I'm going to tuck a mesh pop up hamper in between her dresser and her wall, it will be squished but it will do the job. For now, I've been having her put her laundry in a basket outside her room in the hall. I got some cloth bins to put up on her shelf and added a larger toy box to the hall way alcove. Then we cleared off an area on our living room bookshelf to help hold the art supplies that DD uses most so she can help herself. We also added a pretty large basket with a handle to the living room for DD to gather all her toys up at the end of the day, and then tote them to her room for easier clean up.
Soon we'll add the hook for her bath towel and I'm clearing a drawer in the bathroom with just her toiletries. As for the chore chart, it will have these items for a daily to-do:
Pick up toys (an picture of toys in a basket being carried)
Pick up dirty laundry (A cartoon of laundry in a hamper)
Hang up towel (Picture of towel on a hook)
Take dishes to Kitchen (Picture of dishes then an arrow to the kitchen)
Give Evie (our house rabbit) her hay (Image of hay with an arrow to a bunny)
Help take care of cans and juice boxes (picture of cans and juice boxes in recycling bin)
And clean up sink after bedtime routine (Image of kids toiletries with an arrow to the drawer)
So far she's doing wonderfully! Thanks again everyone :)
what i do with my kids (5 and 3) is stuff like..when i do the laundry they have to put their own clothes away..then when they get older i plan on having them sit with me and fold laundry, then eventually have themm do their own laundry (hopefully by age 10..i might be dreaming, but i can try)
after meals they put the dishes in the sink, when they get older it will progress to them also washing their dishes and loading them into the dishwasher..etc
they are also expected to keep their rooms clean and to pick up their play room everyday. i set a timer for them and if they finish in time we cheer and stuff..occasioanlly i give them a treat but not all the time so its not expected..just a little extra..
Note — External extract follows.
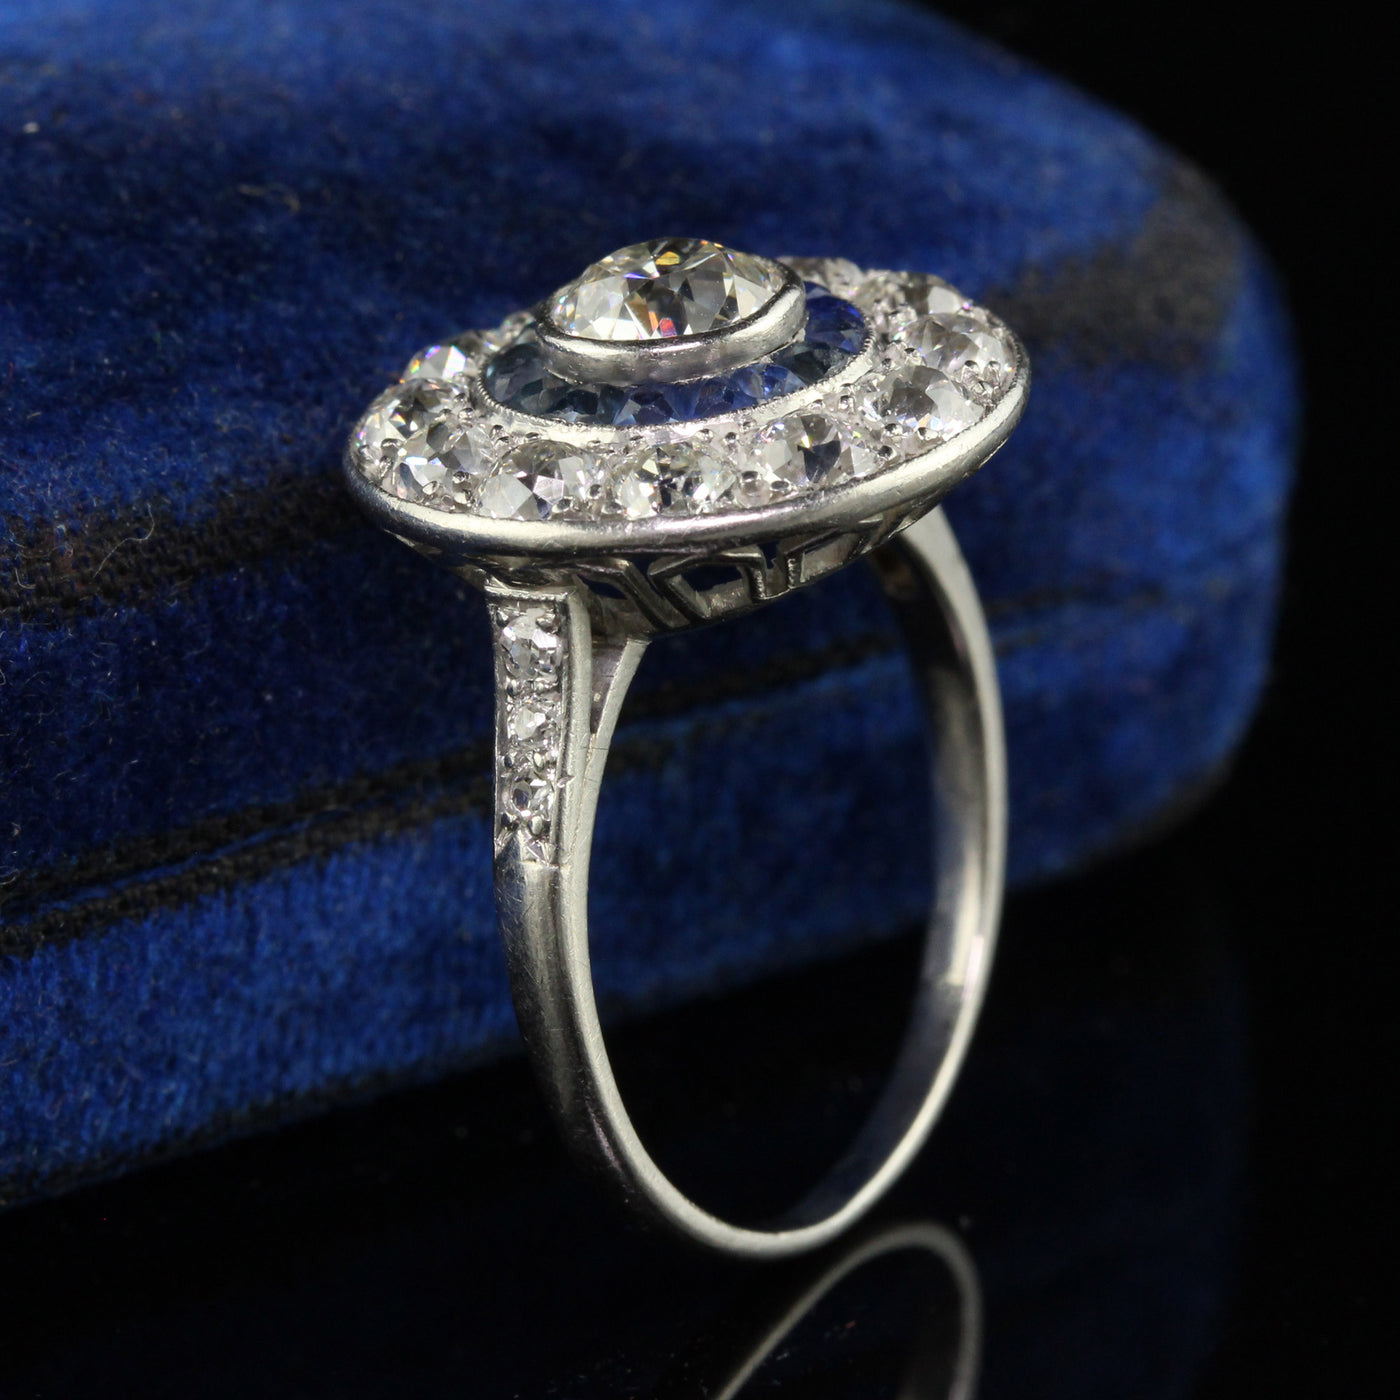 Antique Art Deco Platinum Old European Diamond and Sapphire Target Engagement Ring

i also let them do stuff they see as fun, like i have a shark mini vacuum, its only like 3 pounts and i let them both turn it on and go over the house with it, i will also dole out cleaning wipes and let them wipe down furniture, coloring on the walls etc, they seem to enjoy that kind of stuff..
basically i try to engrain a sense of responsibility in them not by institutionalizing chores but by progressively makign them more liable for their own messes, clothes, dishes etc..
dont get me wrong sometimes, they dont want to do anything, especially clean up their toys and i have actually taken their toys away before..its easier to do it for them but i stand over them and point stuff out, they do the work..just teaching them to be responsible for their own stuff is 80 percent of the work right there..
Have a place for all of her things. Don't contradict your husband in front of her and act like he's wrong with what hes asking her to do. Spending a half hour tops on chores won't ruin her childhood, it will teach her life skills and responsibility. My four year olds chores are to wipe down the counters and dinner table before dinner, to help put away dishes after my siblings wash them (I'm the guardian of my younger siblings), to fold and separate a load of clothing once a week, to feed the dogs (with supervision), and to take the bathroom trashcans and empty them into the main trashcan on garbage day. He's also responsible for his own messes, like putting away his toys, putting away his laundry, putting his dirty clothes in his hamper, etc.